*** Opening DATA PROVIDED ***
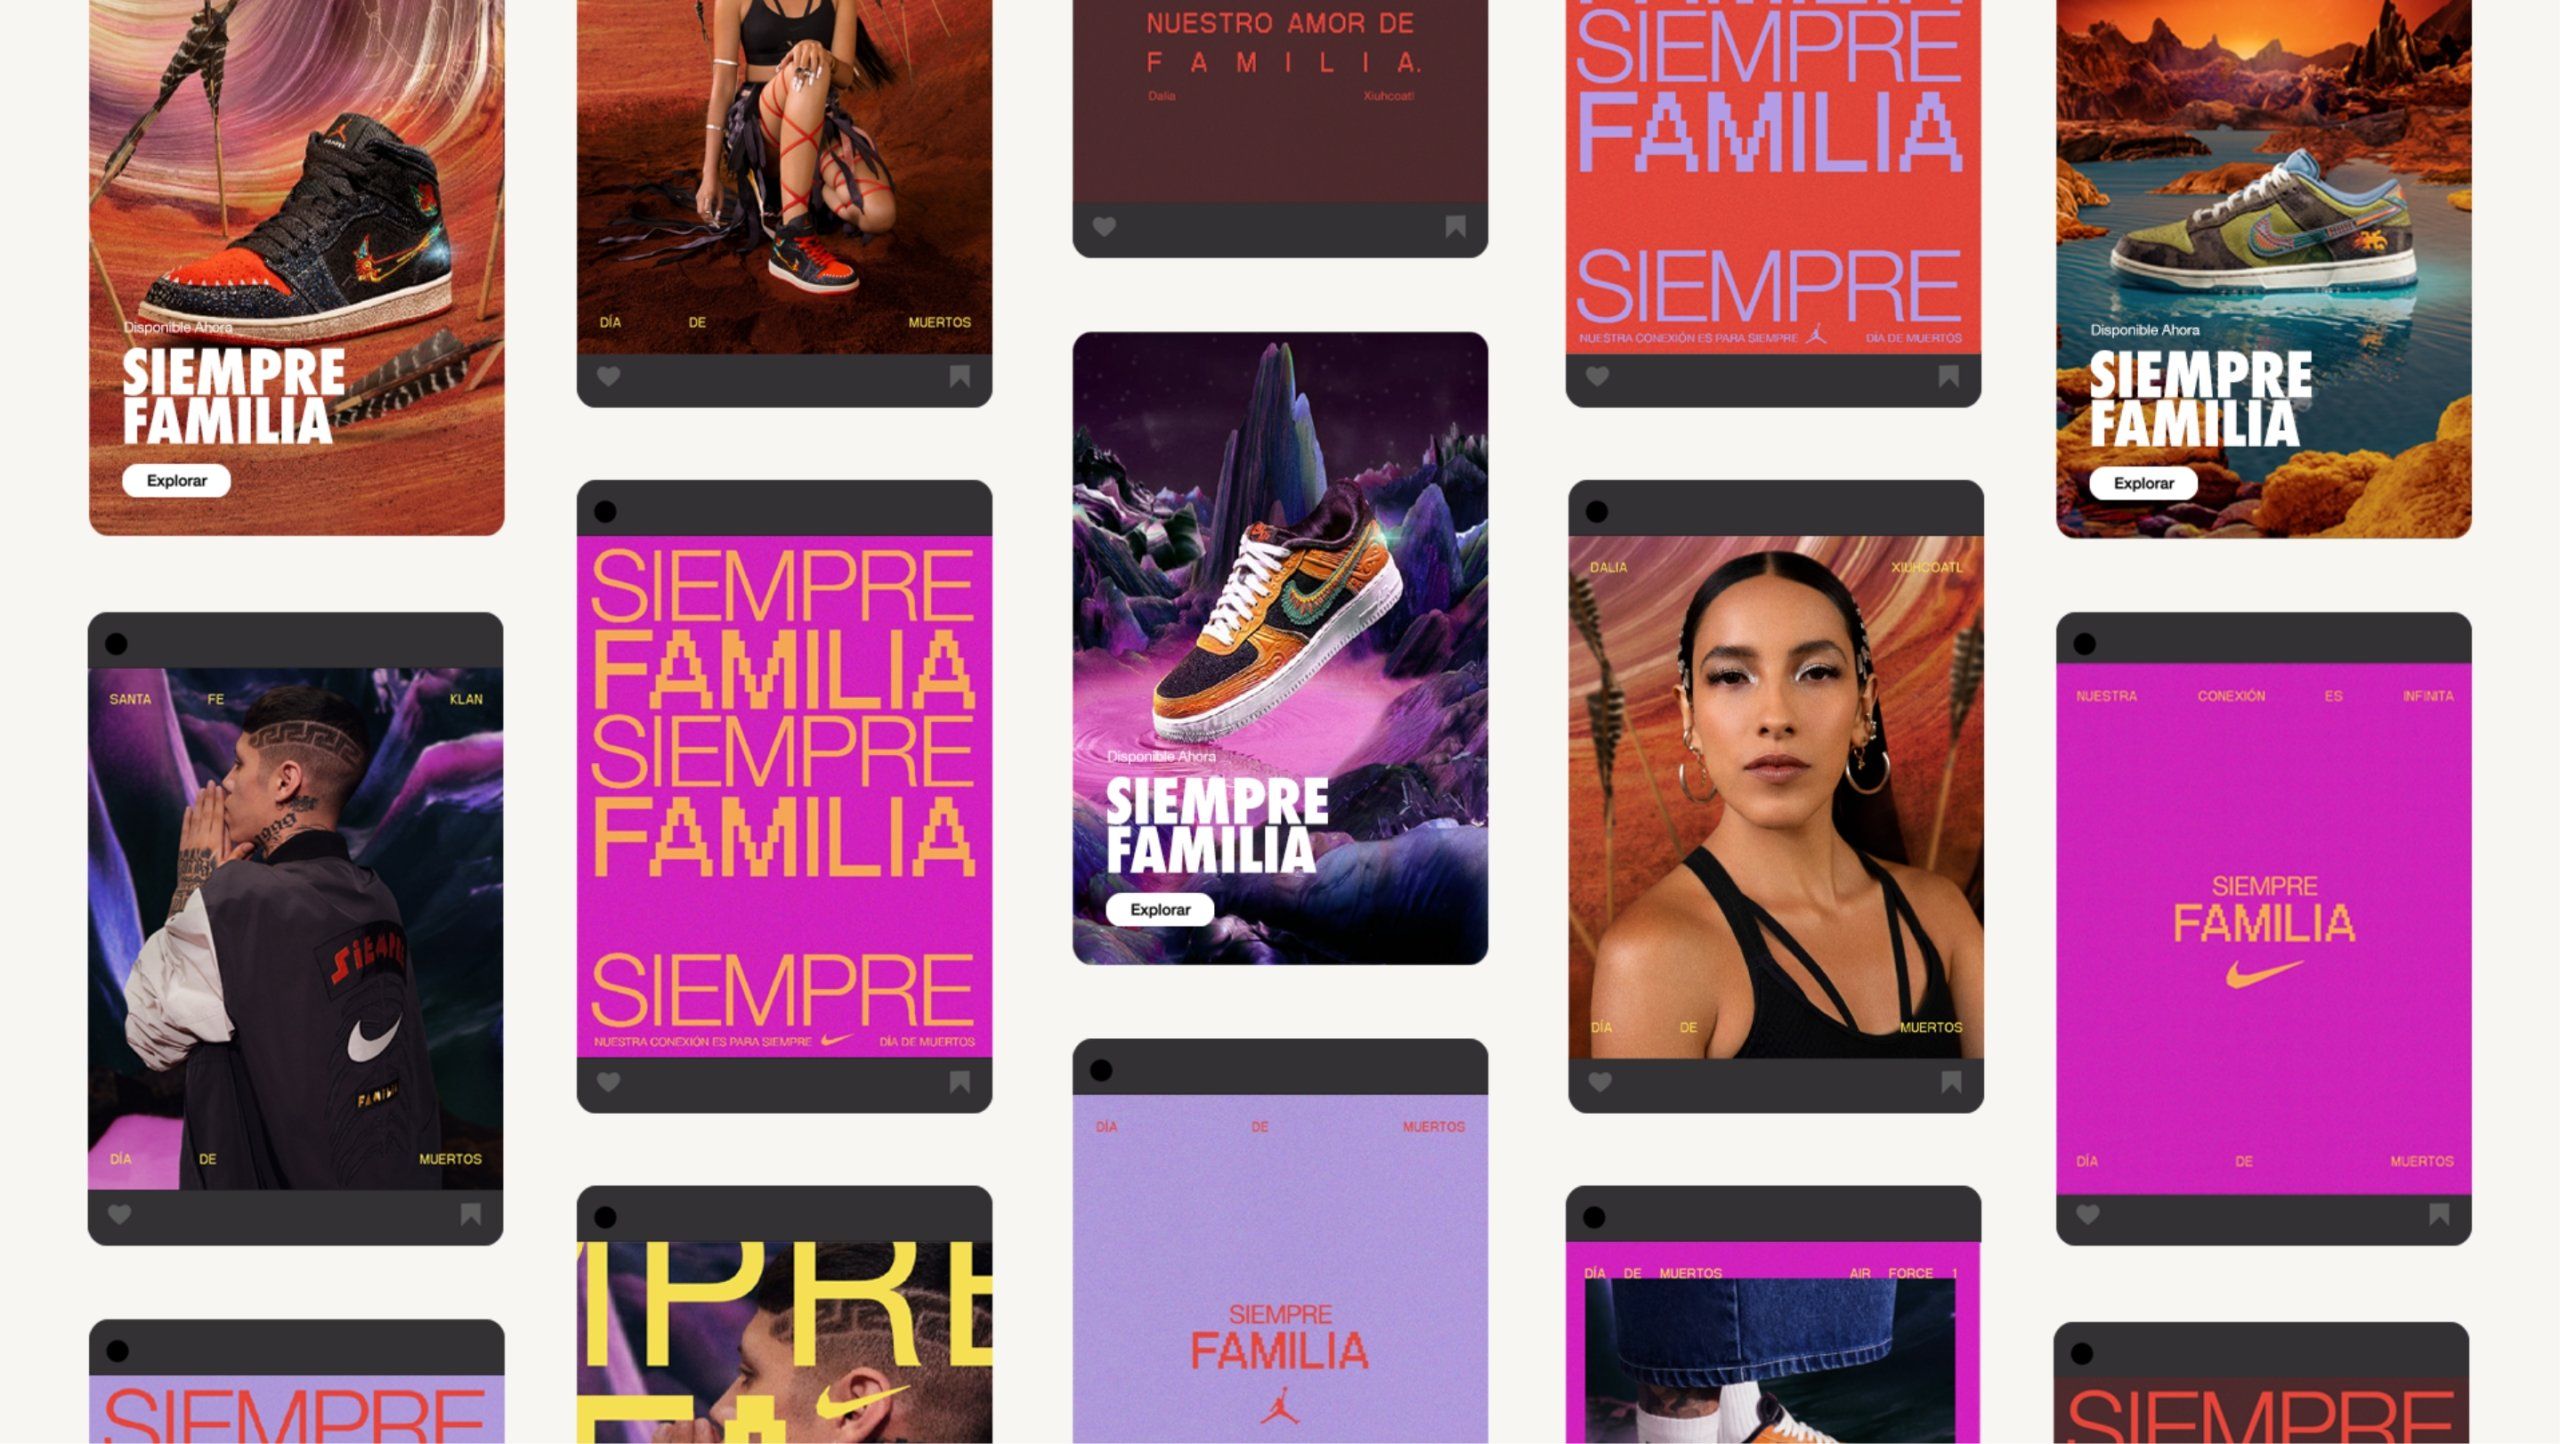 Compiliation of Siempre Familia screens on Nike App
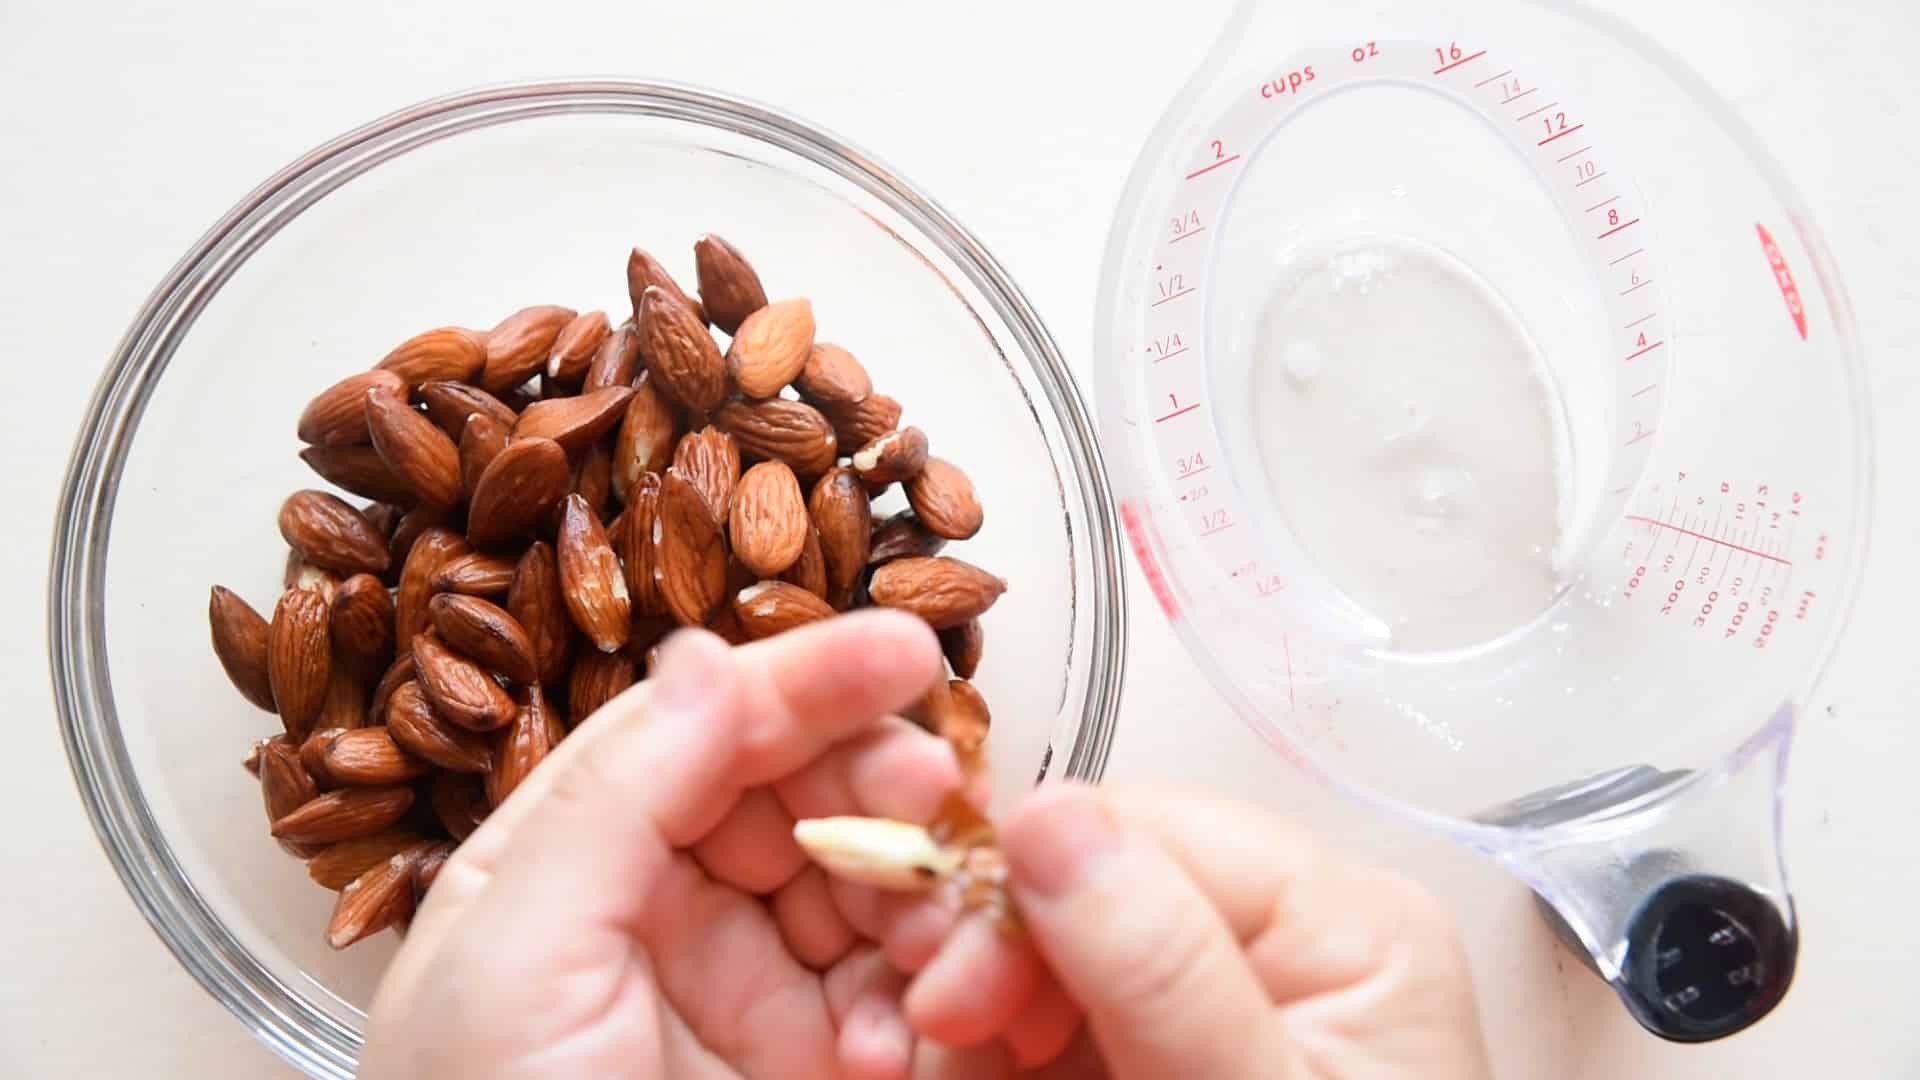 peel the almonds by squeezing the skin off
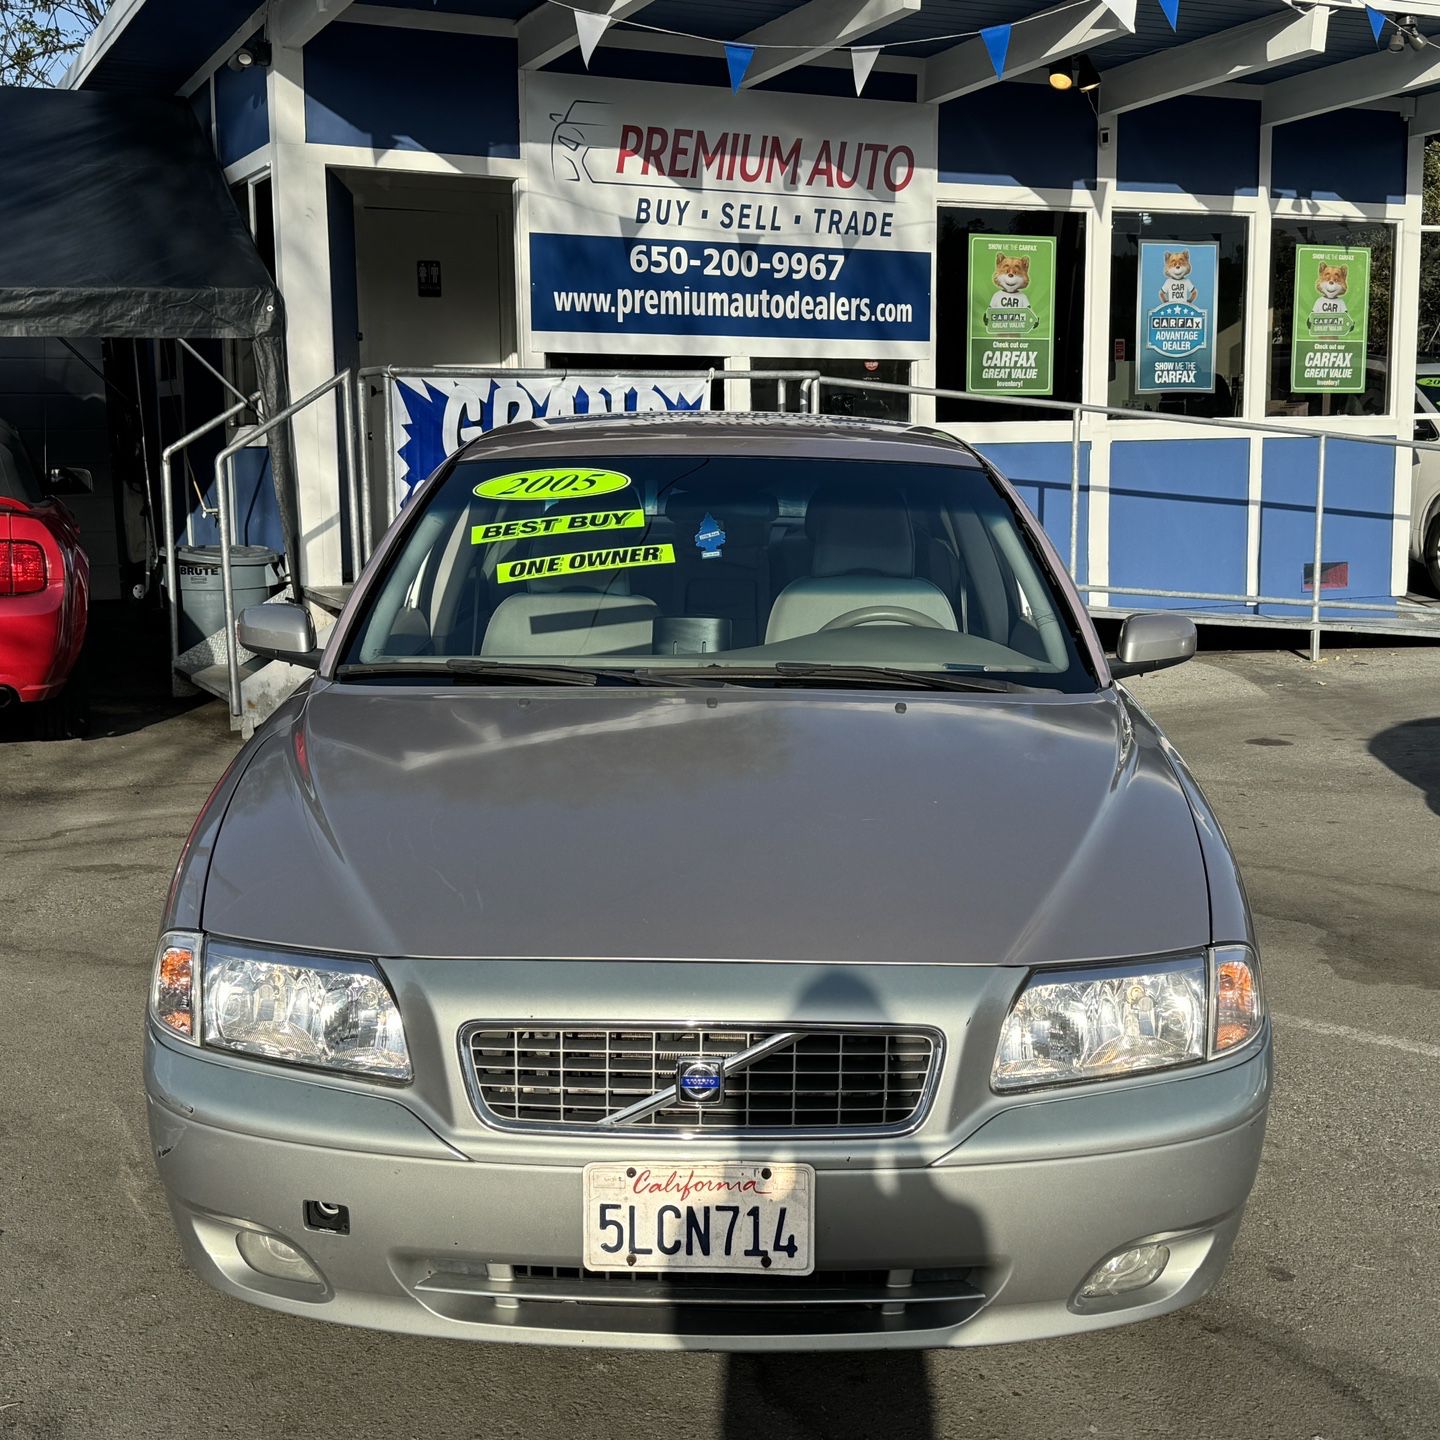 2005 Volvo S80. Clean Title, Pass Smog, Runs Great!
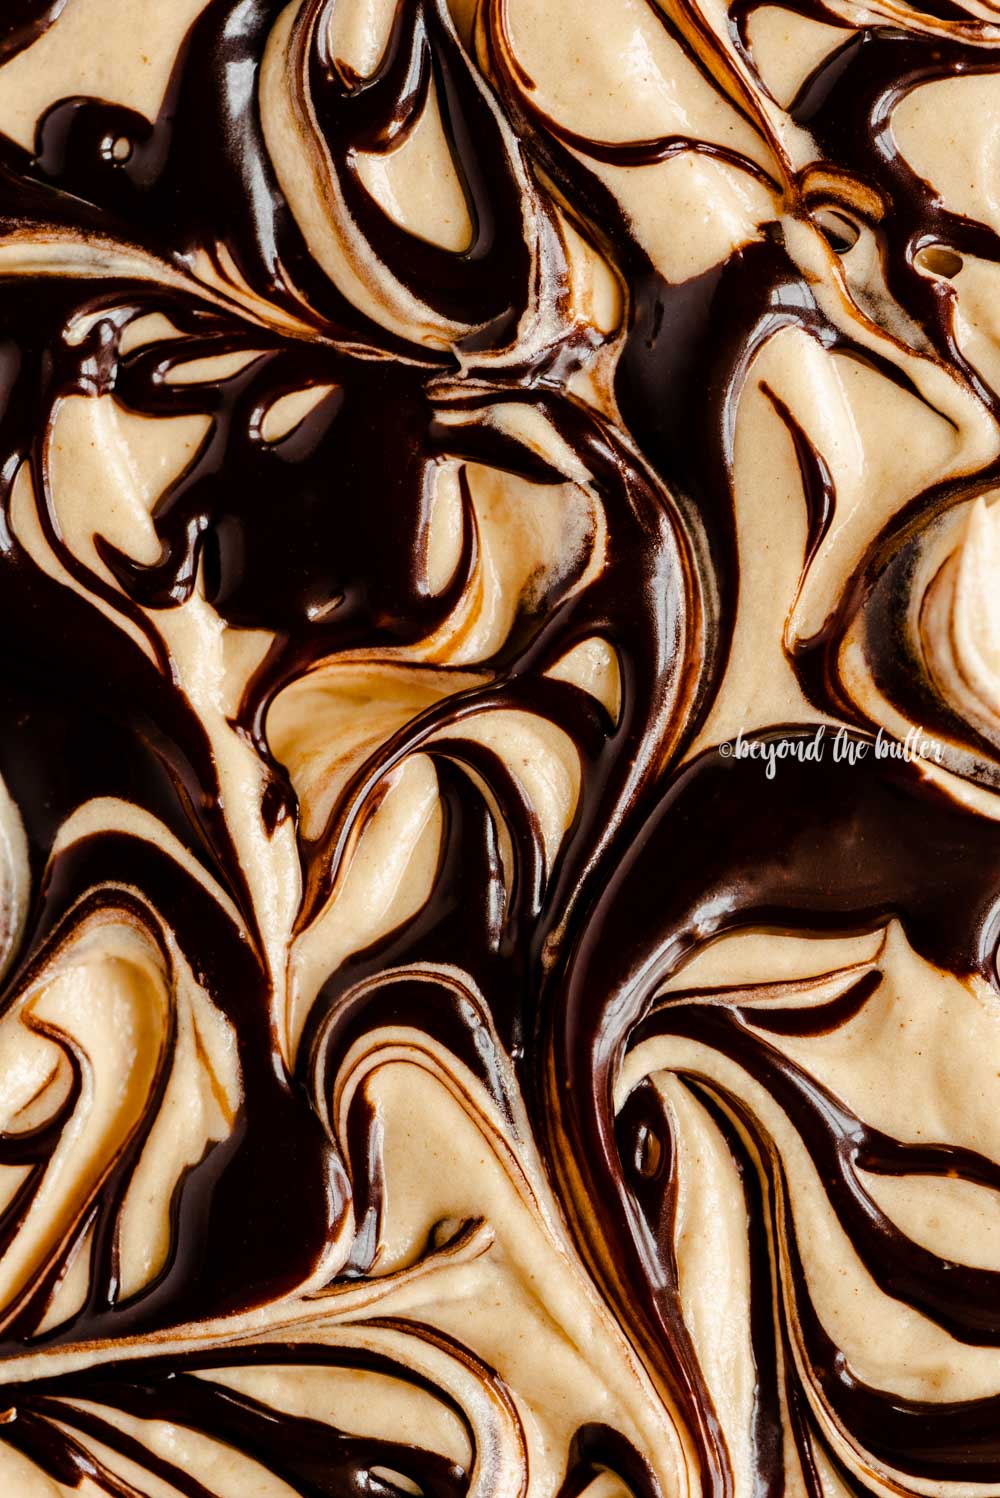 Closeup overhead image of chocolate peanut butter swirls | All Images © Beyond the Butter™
*** Closing DATA PROVIDED ***
WORK TO BE COMPLETED: The line containing "2005 Volvo S80." and every line after it, through the end of the data, are to be output exactly. Omit the pictures.

SOLUTION TO THE EXERCISE:
 2005 Volvo S80. Clean Title, Pass Smog, Runs Great!
 Closeup overhead image of chocolate peanut butter swirls | All Images © Beyond the Butter™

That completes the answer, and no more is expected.